The juxtaposition is odd and beautiful and comical. Here is a man who makes his living practically bludgeoning men to death, and here he is on his day off and all you see is sweetness and love and tenderness. Here is a million-dollar man who thinks seriously about going back to college to get his damn college degree so that when football is done, he can go be a high school teacher, like a history teacher maybe, who can also coach football. But not a head coach, no. He wants to be one of the under coaches, like a strength coach, because that’s where the action is—that’s the coach who gets to spend time with the kids and their heads.
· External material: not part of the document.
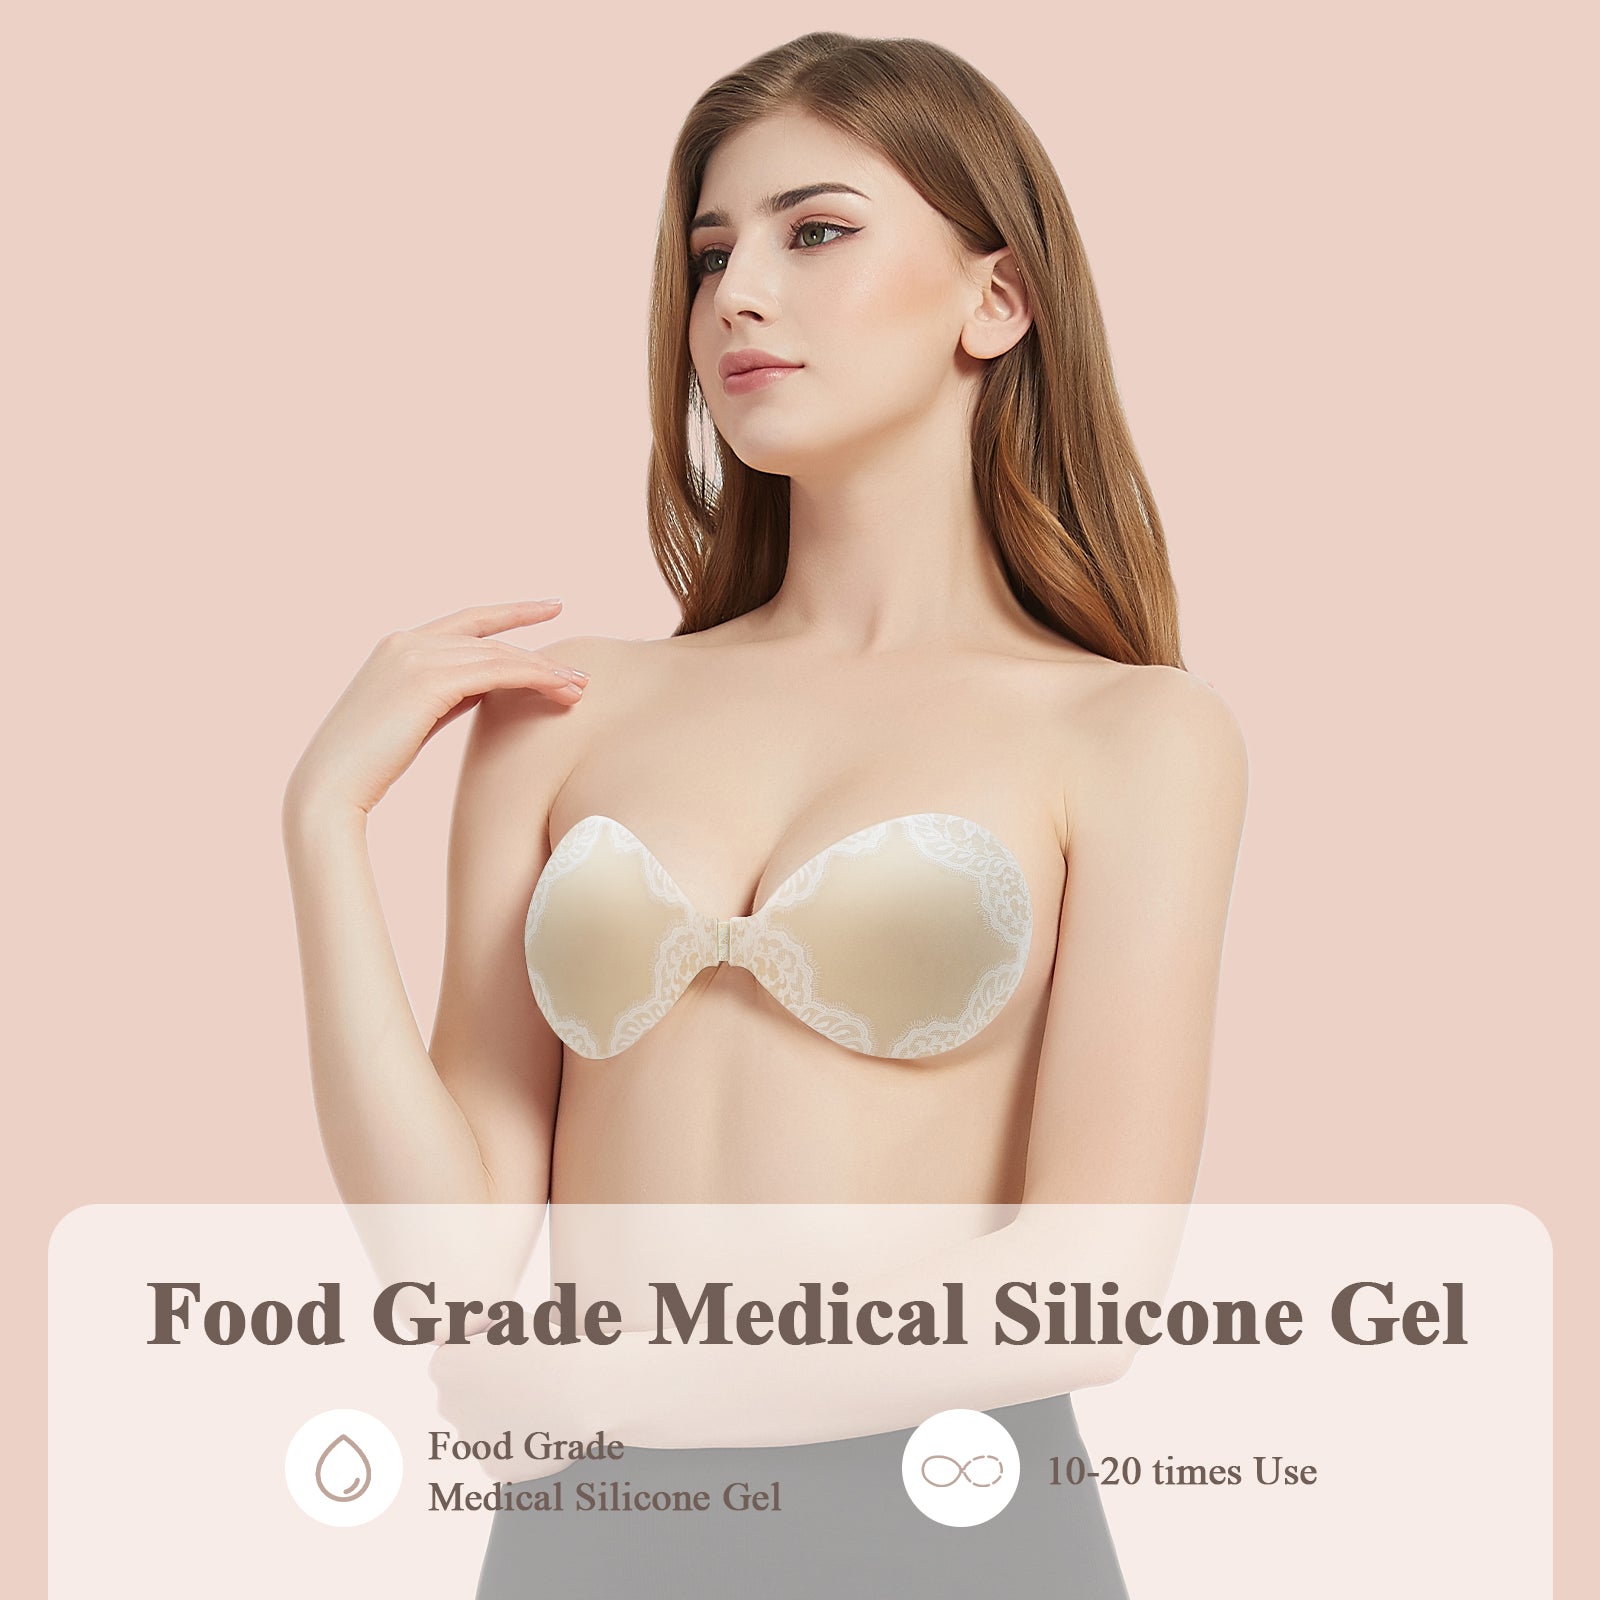 Adhesive Bra For Wedding Dress, Push-Up, Thick Silicon Breast Pad, Strapless,  Sleepwear, No Exposure

He’s putting medals on, gold, silver, and bronze; it goes on like this for hours and hours and hours in the rain. He is impervious to the rain. He stands here like the statue he has become. He is Father Time. He is Uncle Remus. He is a giant old dude on the bank of the Mississippi with a sax and a dog and a word or two of wisdom that is one half poetry, just language spilling out, and one half miracle. He is a bull. He is a big black sheep in spring before shearing. There is the enlightened man, and then there is the holy man. The enlightened man understands. The holy man brings the understanding out of the cave and disperses it as best he knows how.

Afterward, drenched, he is signing autographs. No, he will not sign autographs for adults. It’s stupid and embarrassing and, think about it, stupid. But he will gladly sign autographs for kids.
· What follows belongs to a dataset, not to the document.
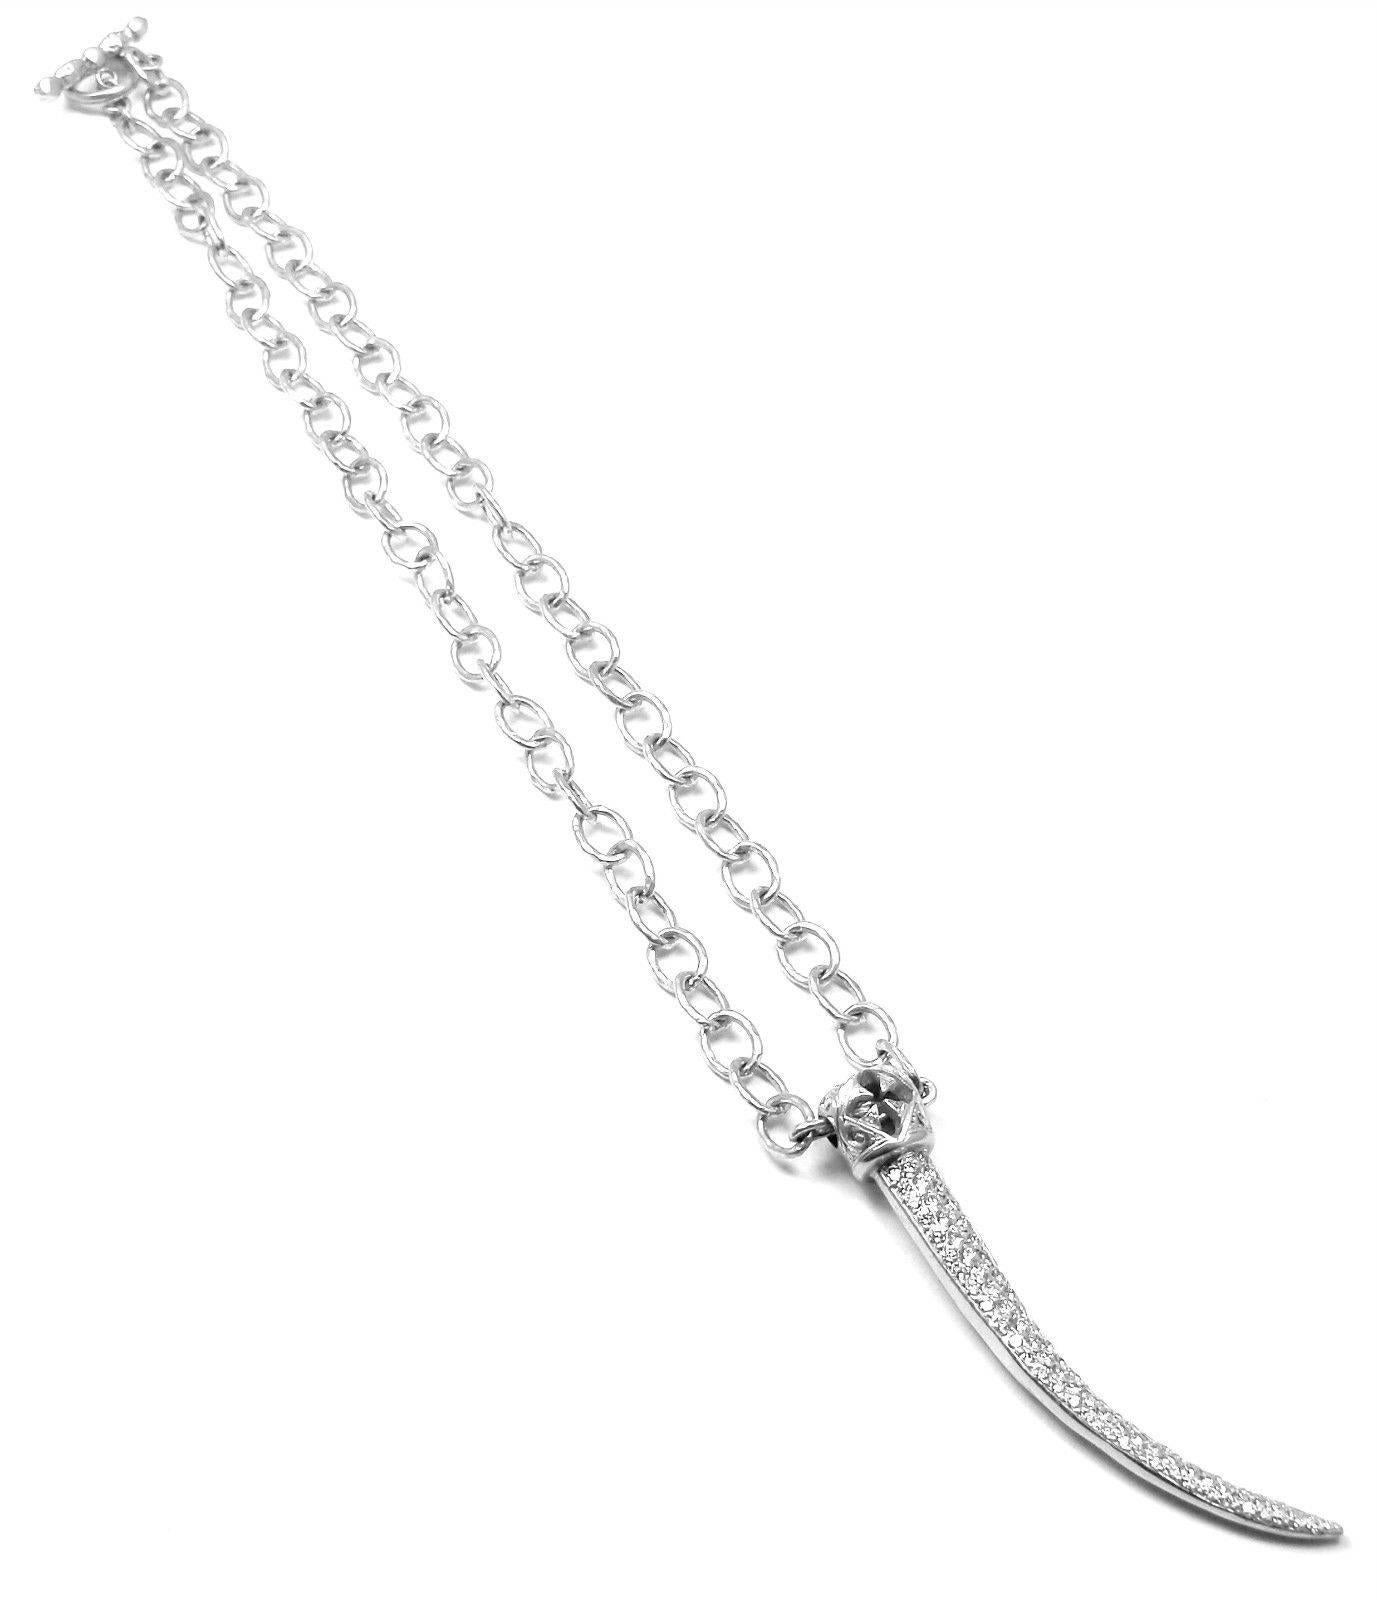 Loree Rodkin Claw Diamond Gold Pendant Necklace from Estate of Jackie Collins 2

“You would like me to sign your shirt, is that what I understand?” he says, coming down to a boy’s eye level, bending at the knees because that’s his natural way.

‘Yeah,” says the boy.

“All right. Is there something else?”

“Huh?”

“Well, you just heard the last two dudes go through the whole thing using the magic words and everything, and you forgot to put the magic in.”

“Oh. Okay. Please?”

“All right. All right. Is there anything else?”

“Huh?”

“Dude, you gotta say thank you.”

“Yeah. Thank you.”

“All right. All right. Peace, my man. Peace.”

At the snack bar, they give him a free lemon shake and also some nachos. He drinks the lemon shake and he eats the nachos and then he gets in the car and the cell phone rings. Doodle-loodle-leet. Doodle-loodle-leet. It’s Kelci on the cell phone, Kelci calling from back home in Minneapolis, asking how it went. He says cool. He makes no mention of what maybe another man, especially a multimillionaire sports star, might regard in terms of discomfort, hours and hours standing there saying the same thing over and over again, “Congratulations” and “Good job,” while water is pouring all over you, and that’s not to mention the way the wind was blowing some of them signs they had into your face. He just says the kids seemed happy with the gig but he felt bad it had to rain on their heads.